▸ DIRECTIONS FOR THIS TASK: Line by line, transcribe the data below exactly and pass over the images.

RECORDED INFORMATION START

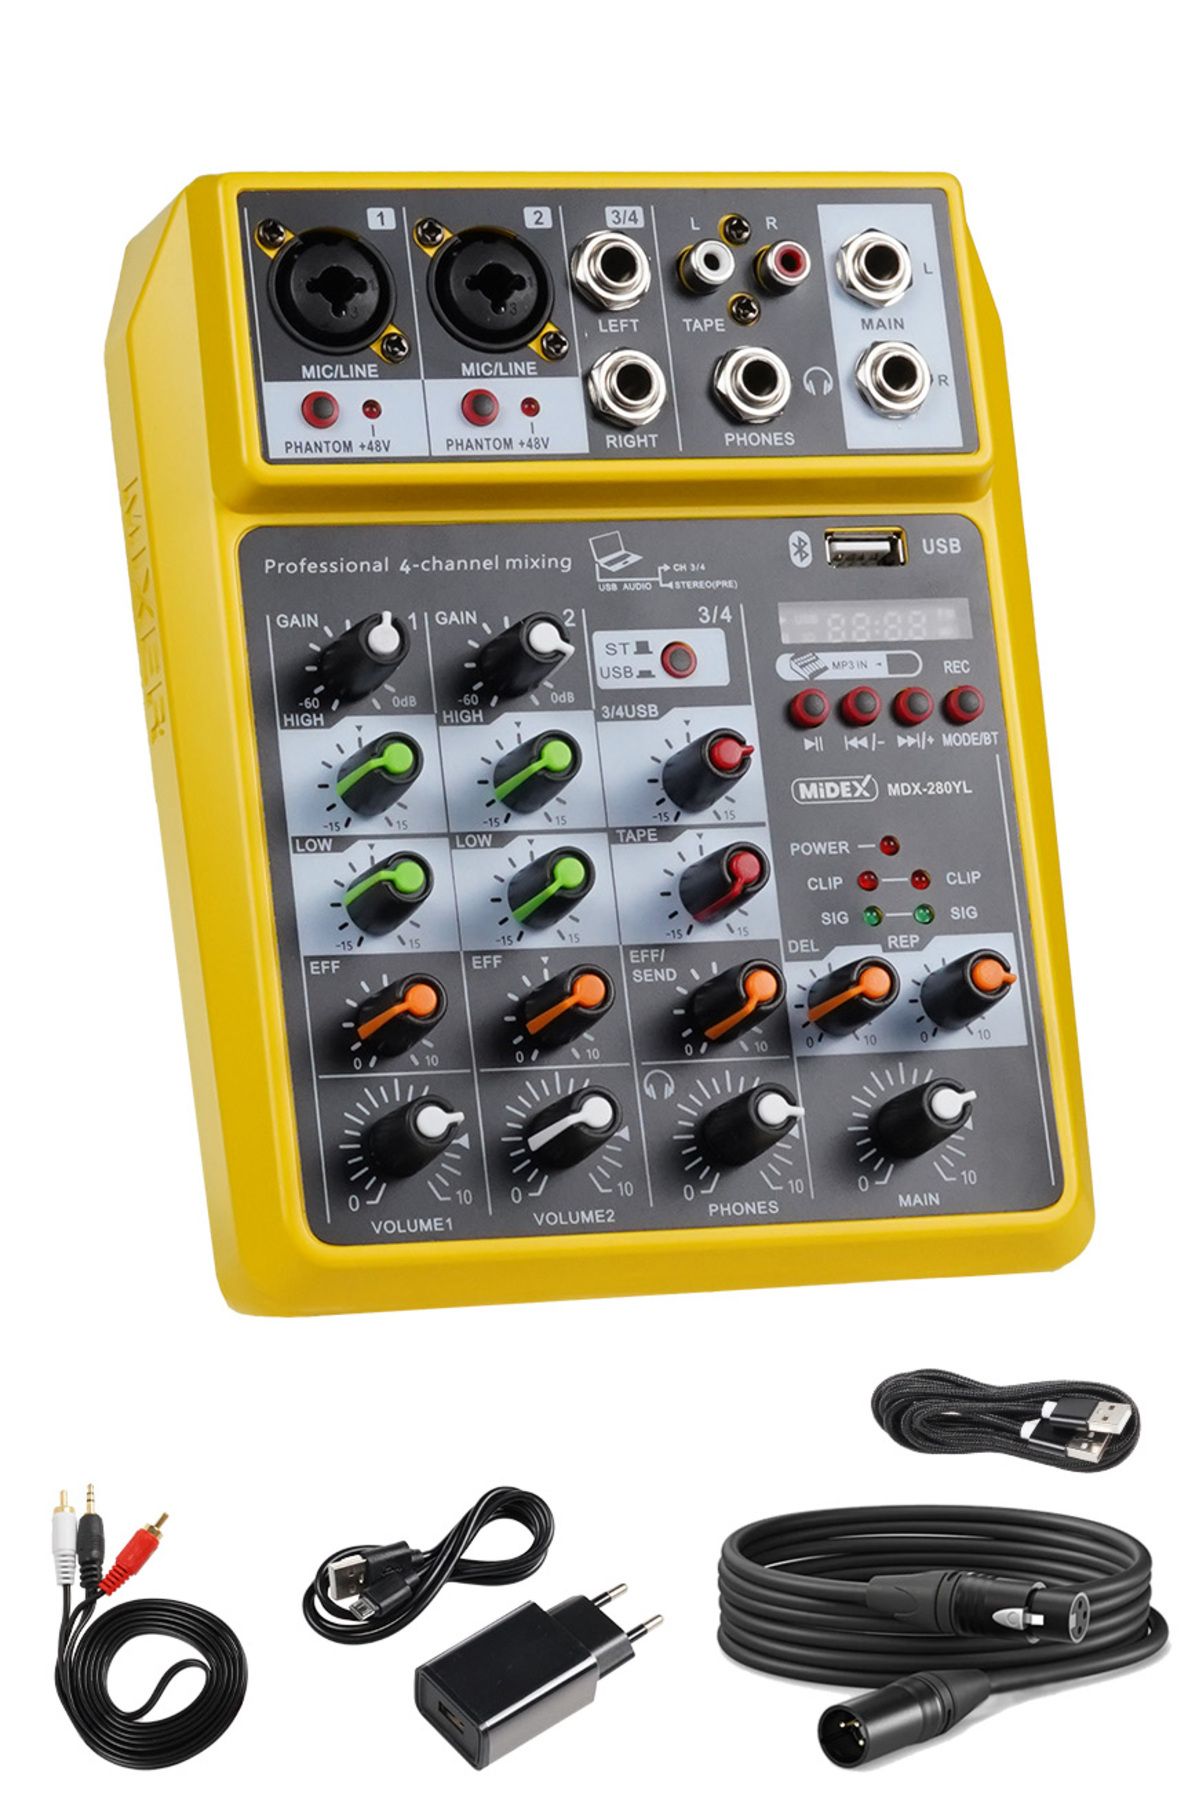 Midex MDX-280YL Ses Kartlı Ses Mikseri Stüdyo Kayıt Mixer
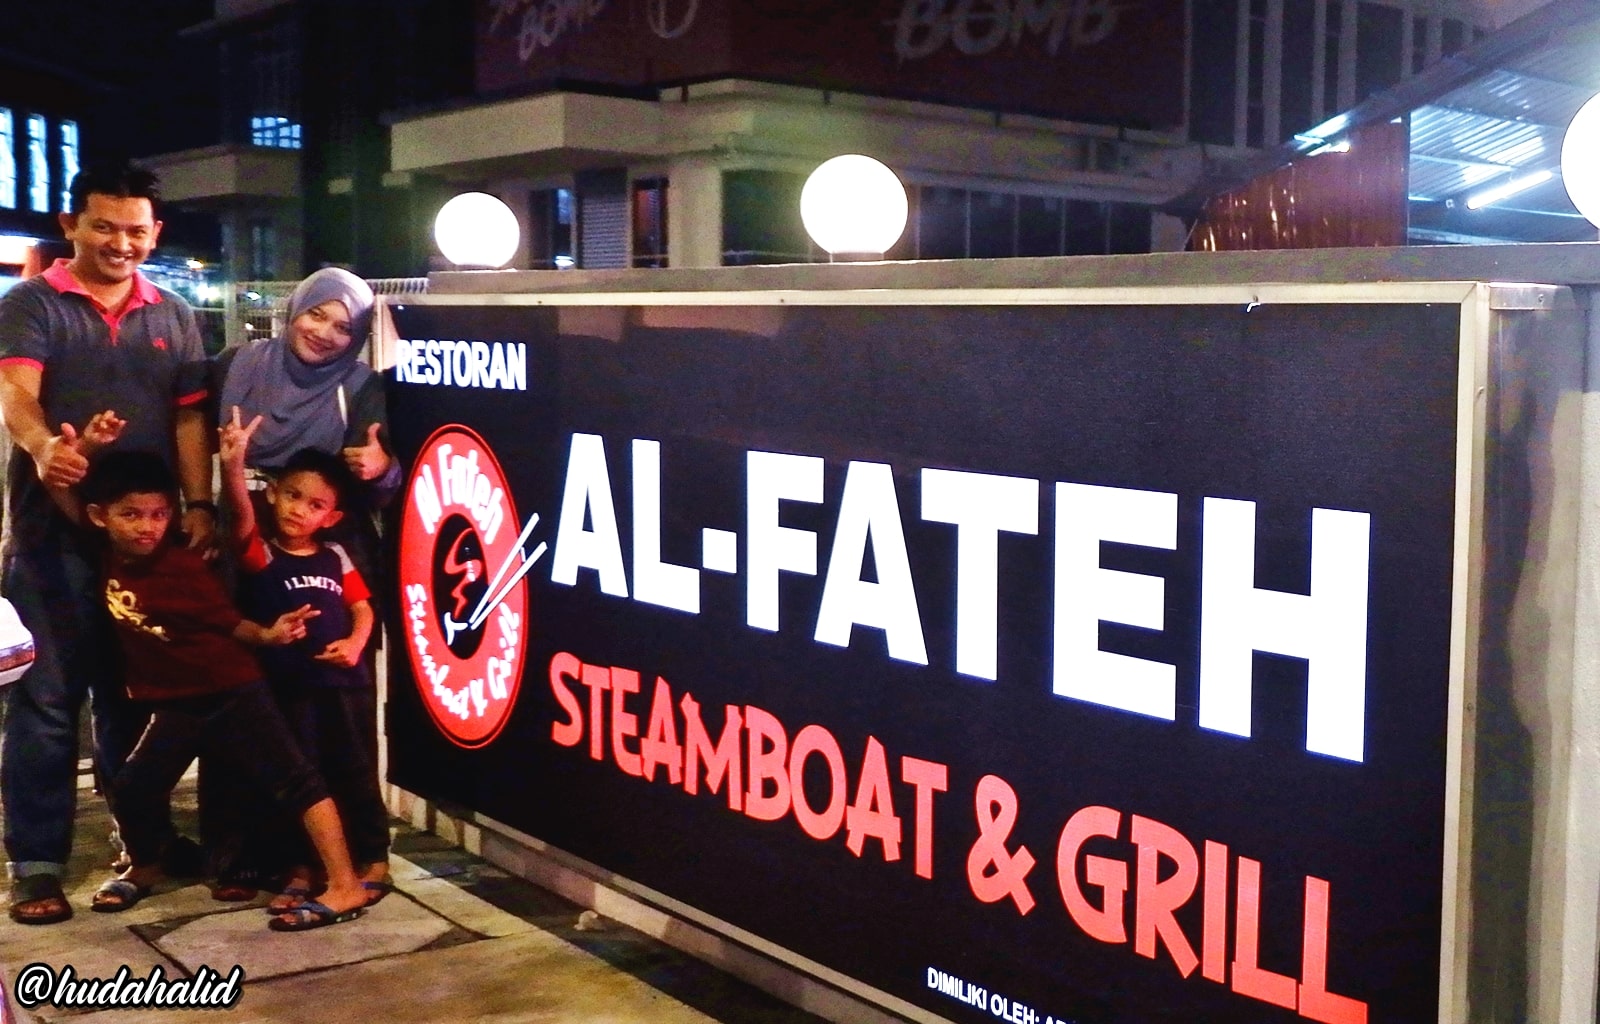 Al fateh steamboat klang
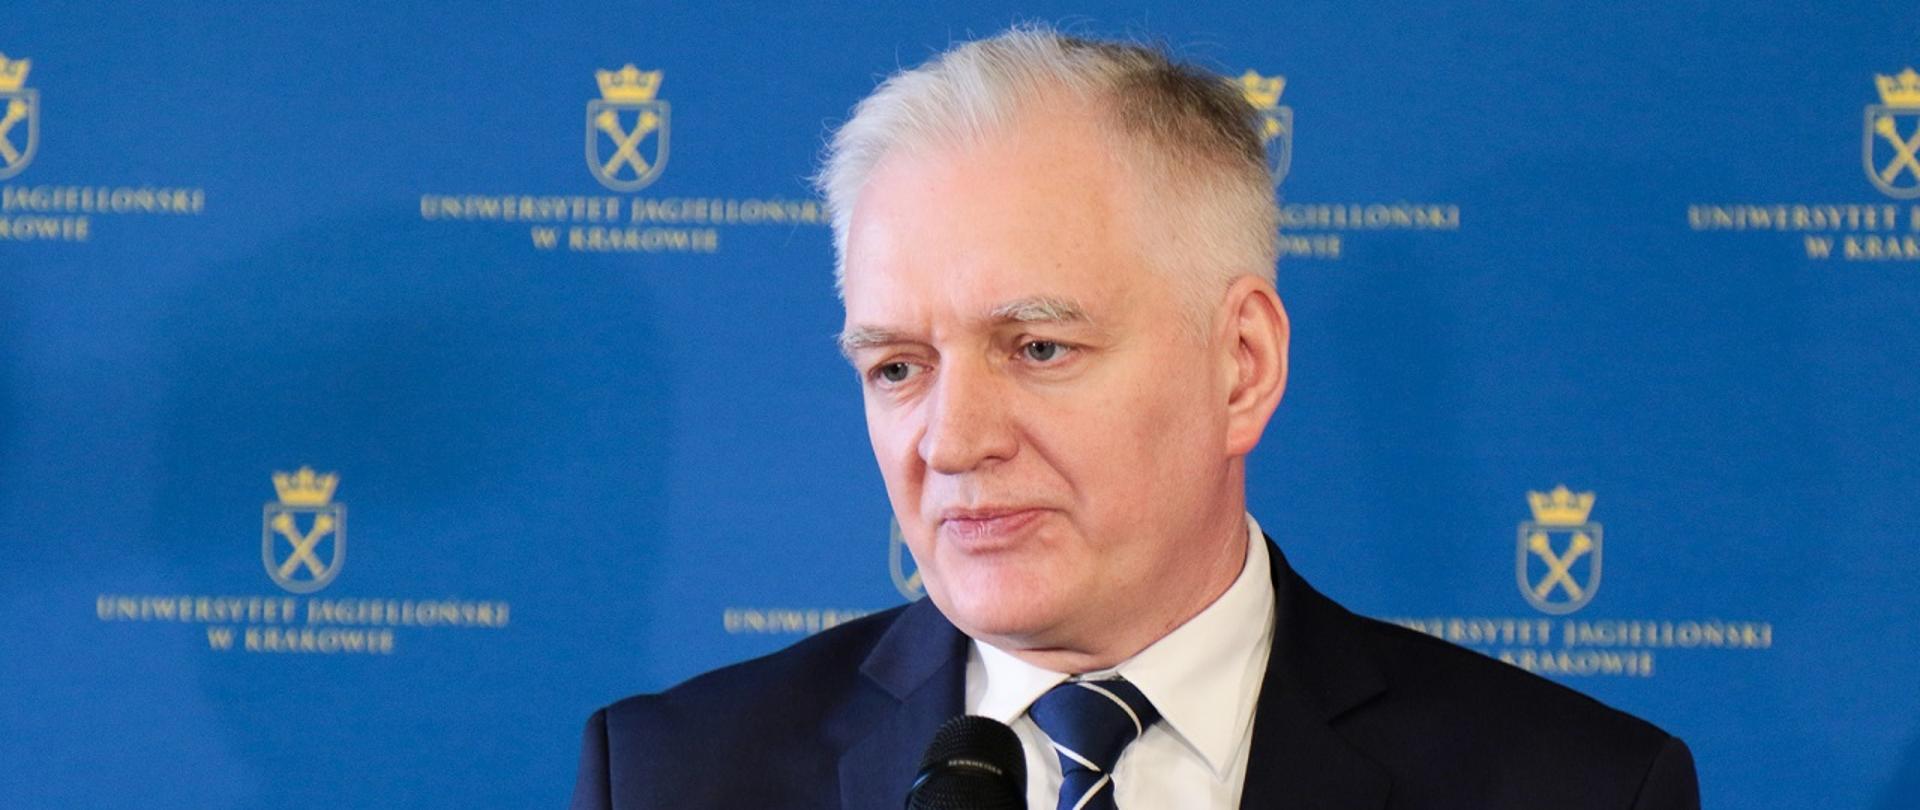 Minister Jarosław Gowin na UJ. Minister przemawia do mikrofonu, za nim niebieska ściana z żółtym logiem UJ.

RECORDED INFORMATION END

▸ OUTPUT:
 Midex MDX-280YL Ses Kartlı Ses Mikseri Stüdyo Kayıt Mixer
 Al fateh steamboat klang
 Minister Jarosław Gowin na UJ. Minister przemawia do mikrofonu, za nim niebieska ściana z żółtym logiem UJ.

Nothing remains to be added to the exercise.